Alphabetically arranged entries for some two hundred objects from eighteenth and nineteenth century United States with the author/artist's own illustrative sketches. Includes an epilogue on the alphabet in early America.
Eric Sloane (born Everard Jean Hinrichs) was an American landscape painter and author of illustrated works of cultural history and folklore. He is considered a member of the Hudson River School of painting.
Eric Sloane was born in New York City. As a child, he was a neighbor of noted sign painter and type designer Frederick W. Goudy. Sloane studied art and lettering with Goudy. While he attended the Art Students League of New York City, he changed his name because George Luks and John French Sloan suggested that young students should paint under an assumed name so that early inferior works would not be attached to them. He took the name Eric from the middle letters of America and Sloane from his mentor's name.

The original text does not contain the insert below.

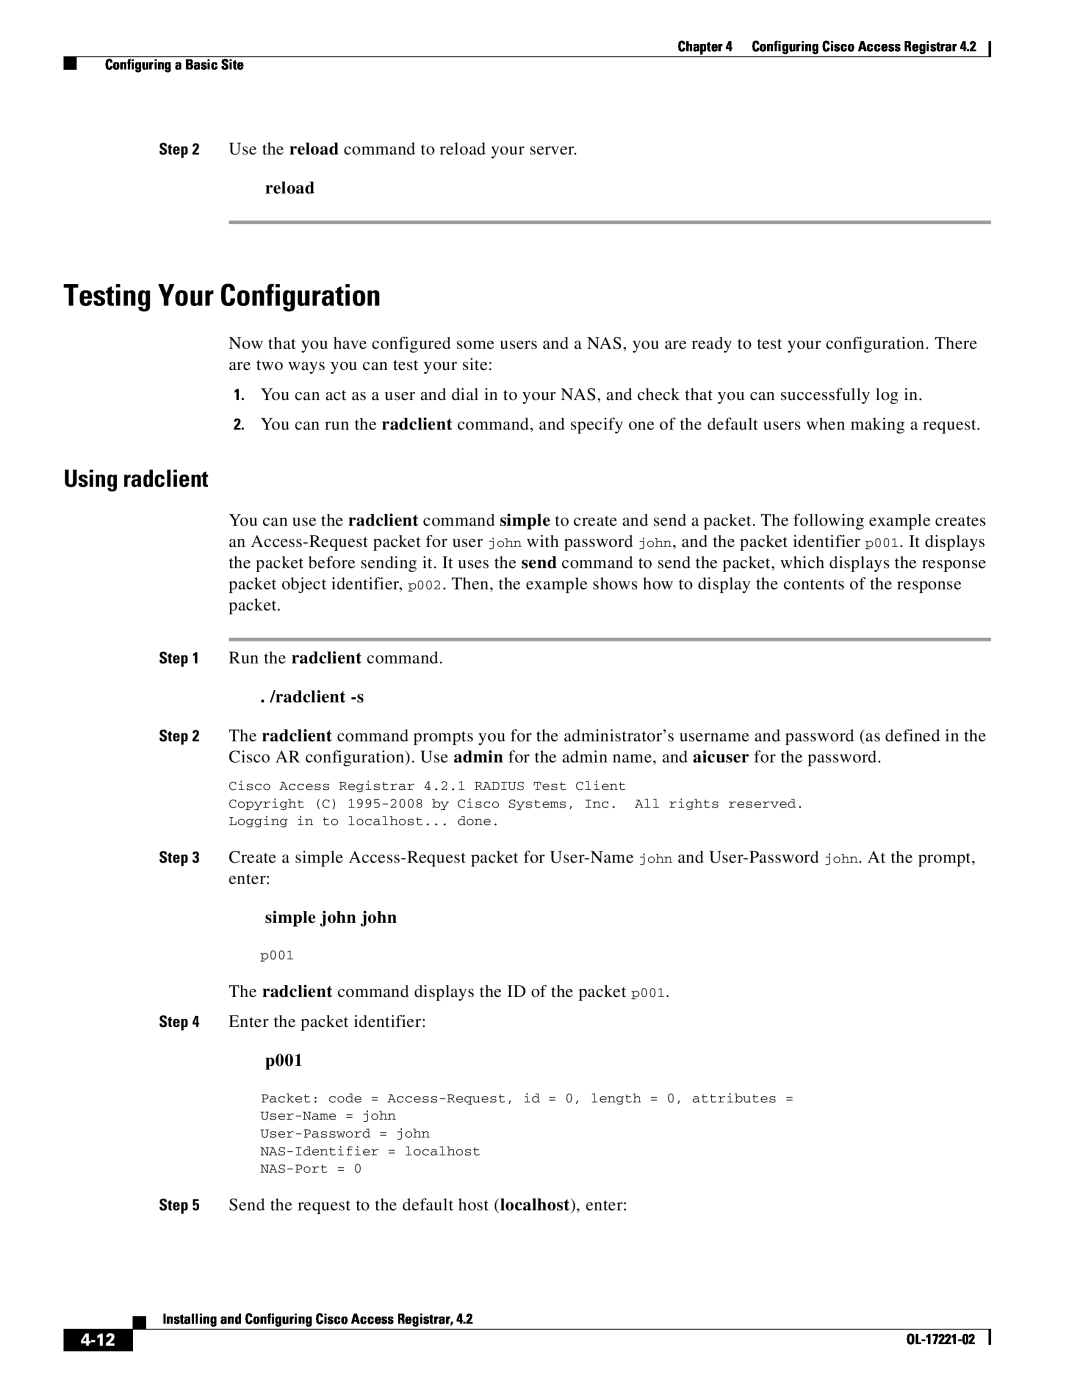 Cisco Systems 4.2 manual Testing Your Configuration, Using radclient, radclient -s, simple john john, p001, 4-12, reload

In the summer of 1925, Sloane ran away from home, working his way across the country as a sign painter, creating advertisements for everything from Red Man Tobacco to Bull Durham. Unique hand calligraphy and lettering became a characteristic of his illustrated books.
Sloane eventually returned to New York and settled in Connecticut, where he began painting rustic landscapes in the tradition of the Hudson River School. In the 1950s, he began spending part of the year in Taos, New Mexico, where he painted western landscapes and particularly luminous depictions of the desert sky. In his career as a painter, he produced over 15,000 works. His fascination with the sky and weather led to commissions to paint works for the U.S. Air Force and the production of a number of illustrated works on meteorology and weather forecasting. Sloane is even credited with creating the first televised weather reporting network, by arranging for local farmers to call in reports to a New England broadcasting station.
Sloane also had a great interest in New England folk culture, Colonial daily life, and Americana. He wrote and illustrated scores of Colonial era books on tools, architecture, farming techniques, folklore, and rural wisdom. Every book included detailed illustrations, hand lettered titles, and his characteristic folksy wit and observations. He developed an impressive collection of historic tools which became the nucleus of the collection in the Sloane-Stanley Tool Museum in Kent, Connecticut.
Sloane died in New York in 1985, while walking down the street to a luncheon held in his honor.
Sloane's best known books are A Reverence for Wood, which examines the history and tools of woodworking, as well as the philosophy of the woodworker; The Cracker Barrel, which is a compendium of folk wit and wisdom; and Diary of an Early American Boy: Noah Blake-1805, based on a diary he discovered at a local library book sale. His most famous painted work is probably the skyscape mural, Earth Flight Environment, which is still on display in the Independence Avenue Lobby in the Smithsonian's Air and Space Museum.
This is a wonderful book of early American things—axes and fences and sleds and tools and dog mills and horn books and salt box houses and Queen post trusses and turnpikes and much more, delightfully arranged by alphabet letter and illustrated with Eric Sloane’s wonderful drawings.
Did you know that “turnpike” is so called because the first turnpike was the Lancaster Turnpike (1793) in Pennsylvania. One paid the toll and entered through a gate made with an actual pike—you know, a long pole with a metal point and hook at the end—which turned on a post to allow entrance.
I read a first edition library copy of this book published in 1963, and I’m surprised my library has retained it in their collection, which tends to be culled of old books. Thankfully, they still have this.
A good book to get started if you want to learn about history of American farm life. The book is a miscellaneous collection of tools, farmhouse items, and working methods. Cute illustrations.
Eric Sloane has a trademark way of illustrating historical objects like tools and buildings. I'm a sucker for his books. I wish he was still around releasing new ones.